One of my favorite things about music is that it can say two things at once and have them both make sense. Real counterpoint — two or more parts that are completely independent and self-sufficient but together form a harmonious whole, as in Bach’s brilliant two-part Inventions - is something I had never encountered outside music until Dan Harder sent me some of his “zipper” poems. There’s one poem on the left side of the page and one poem on the right. You can read the poems separately or, by alternating sides, you can zip both poems together to form one large poem that somehow fuses these two (sometimes contradictory) narratives. I couldn’t resist the temptation and soon afterwards suggested to Dan that we create something together that would marry his counterpoint with mine.

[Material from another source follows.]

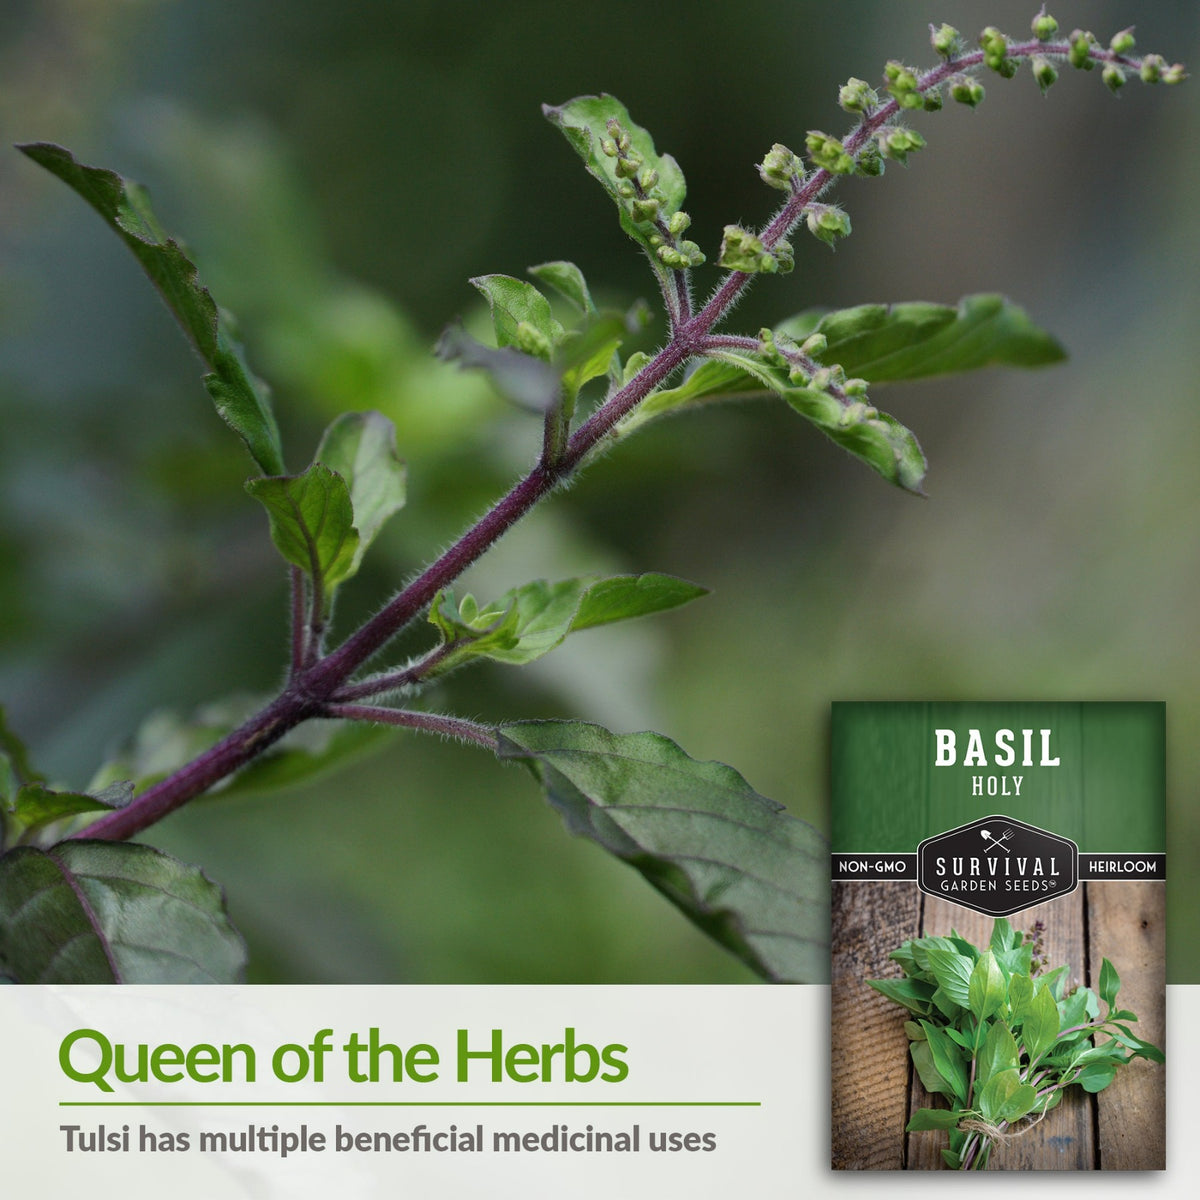 Holy Basil or Tulsi has multiple beneficial medicinal uses

The most important thing to me, in writing ZIPPERZ, was to create a musical drama that would tell our story, and illuminate Dan’s poetry, in a way the audience could experience without reading. Poetry is about the music inherent in words as well as their layers of meaning, and opera, much as I love it, is not the best medium for someone whose priority is language (hence the need for supertitles, even in English). I found the solution unexpectedly on a trip to see my friend Manoel in New York. He was performing the role of Tobias (for which he received a Tony nomination) in John Doyle’s stripped-down revival of Sondheim’s Sweeney Todd - and singing his own pop songs to sold-out crowds on his nights off. I decided this was what I needed, someone whose command of language and theater was equal to his gorgeous voice – and it didn’t hurt that he was driving throngs of groupies to distraction!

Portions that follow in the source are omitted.